**Exercise prompt:**
In the data below, restate exactly the lines from the one with "Manisa'da 4 Genç Cesedi Bulundu" to the final line, both included, but not the pictures.

Start of Recorded information

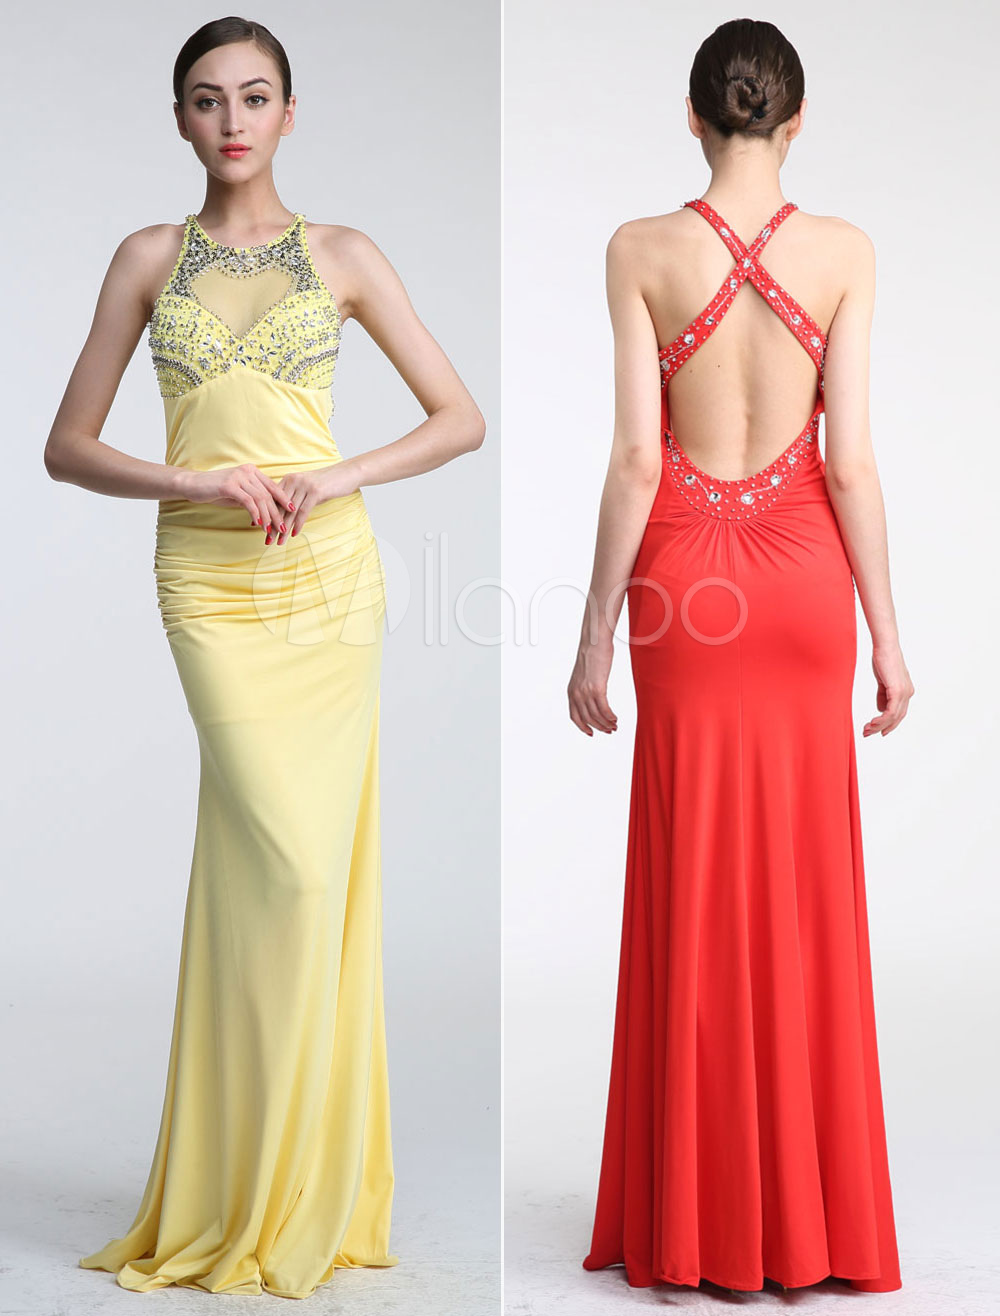 Beaded Illusion Halter Neckline Mermaid Prom Dress with Crisscross Back
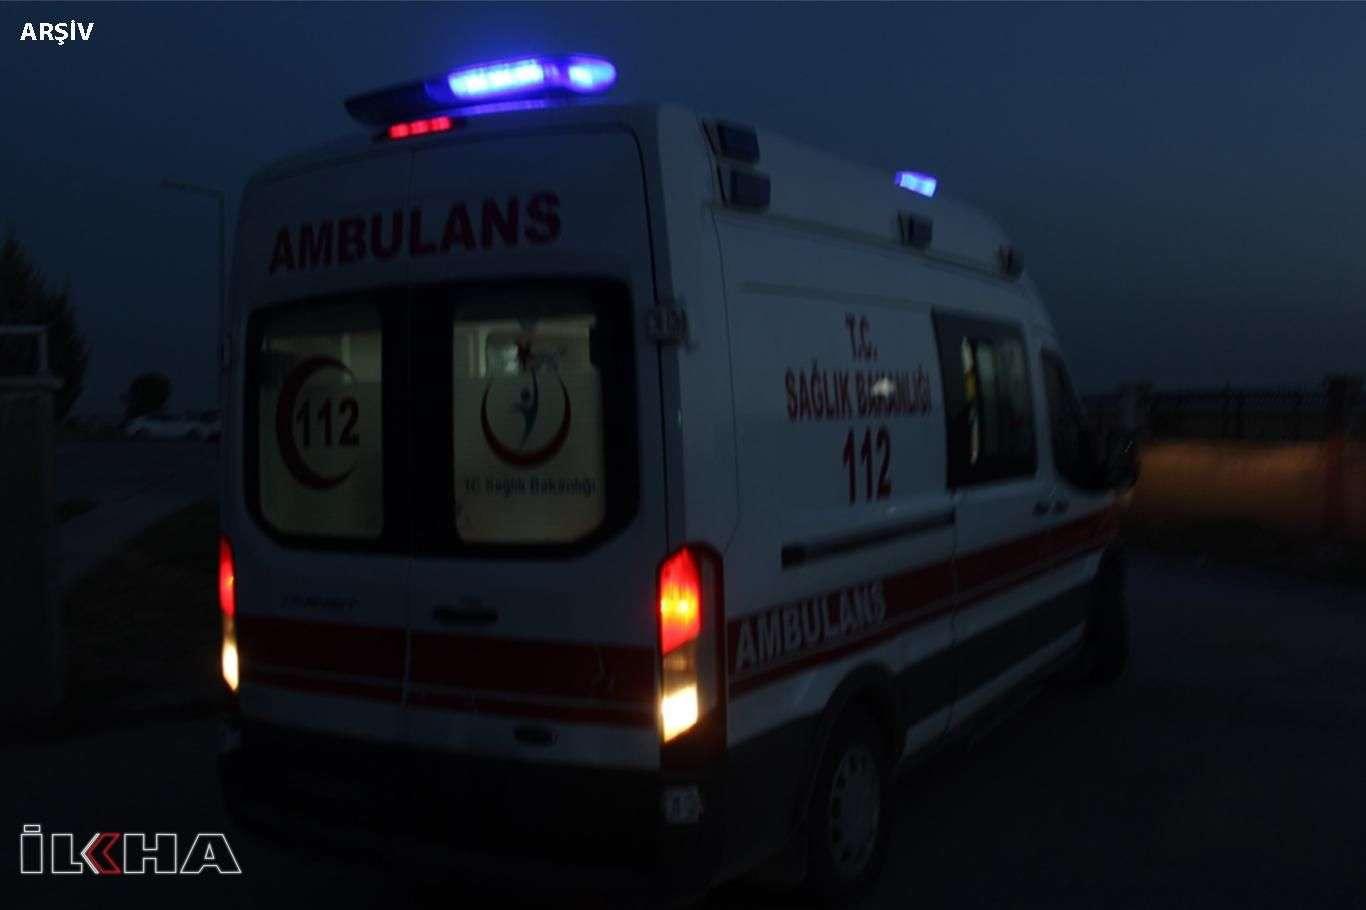 Manisa'da 4 Genç Cesedi Bulundu
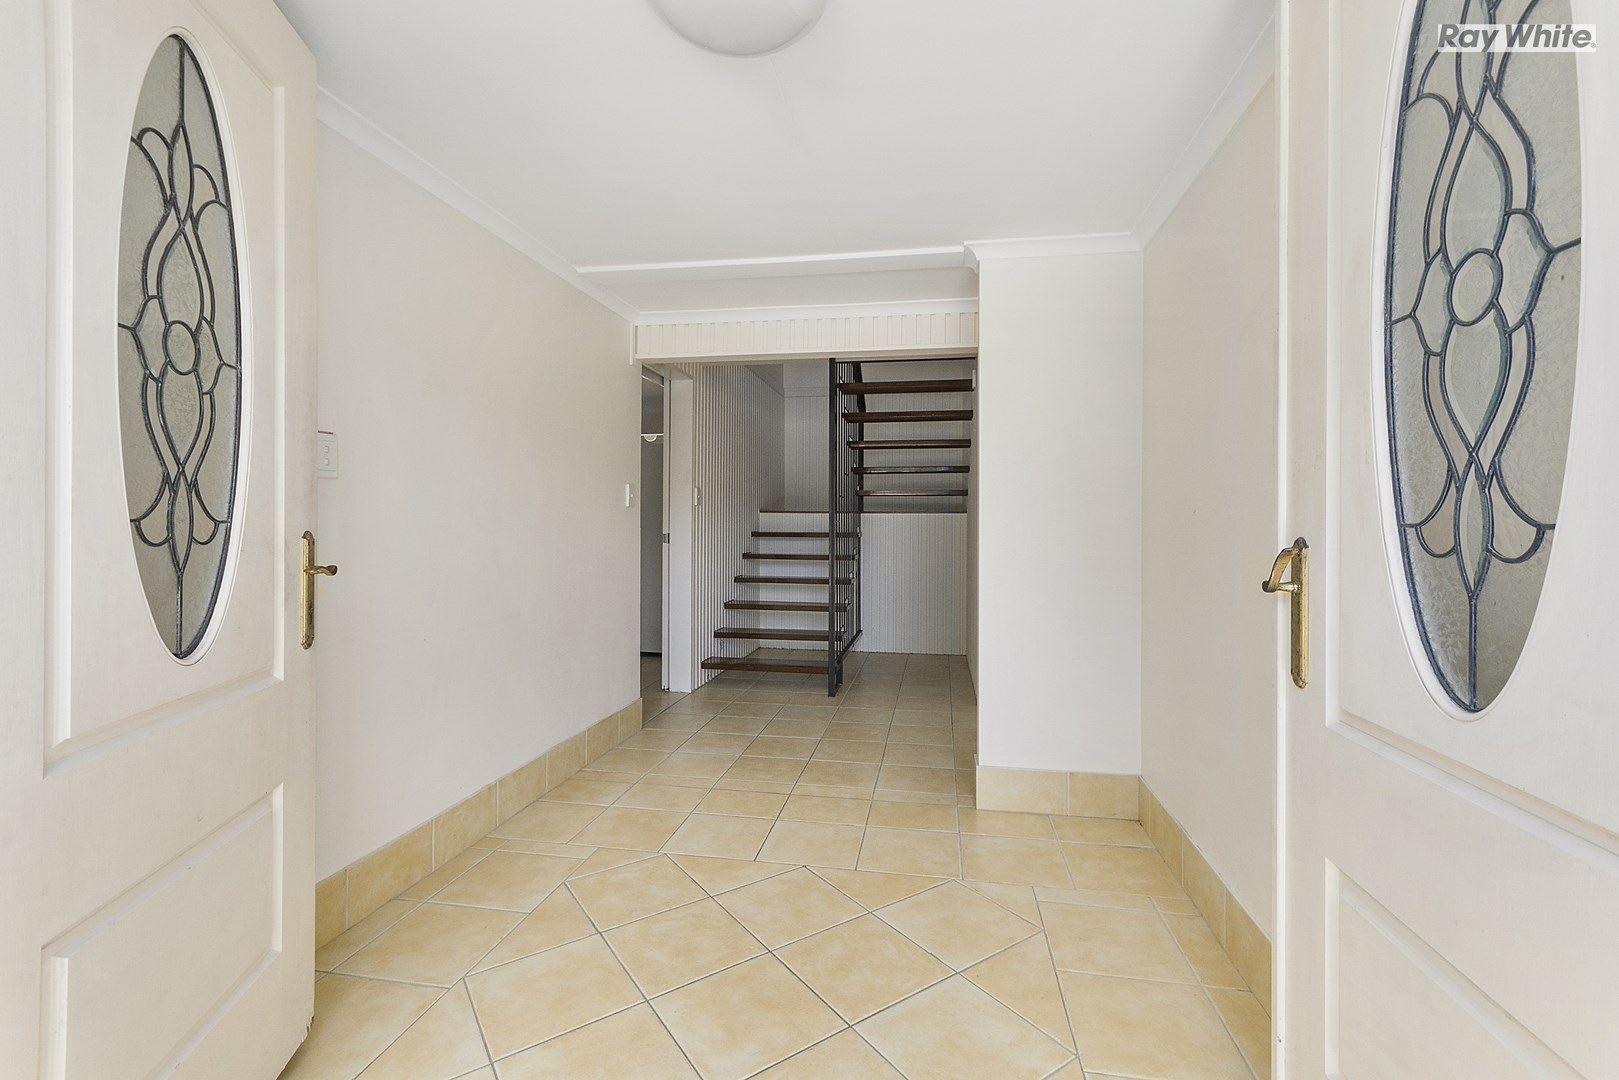 111 Curragundi Rd, Jindalee QLD 4074, Image 1
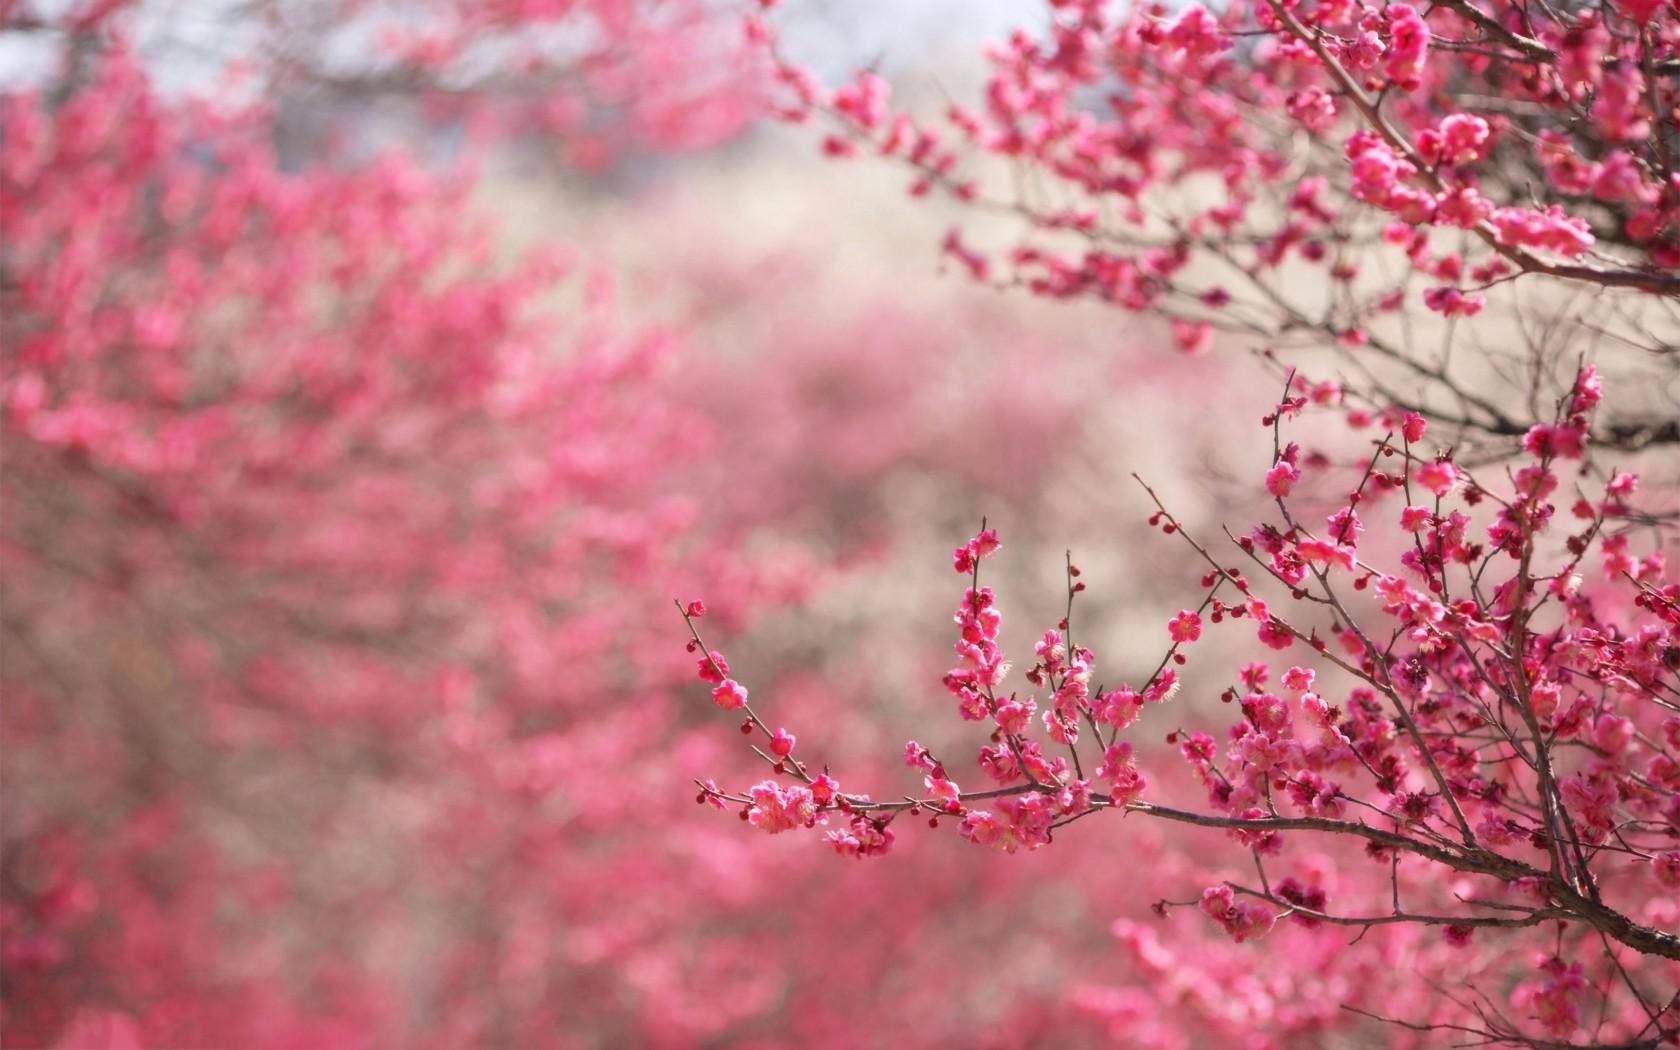 4k pink wallpapers high quality download free - Pink wallpaper 4k ...

End of Recorded information

**Response to this task:**
 Manisa'da 4 Genç Cesedi Bulundu
 111 Curragundi Rd, Jindalee QLD 4074, Image 1
 4k pink wallpapers high quality download free - Pink wallpaper 4k ...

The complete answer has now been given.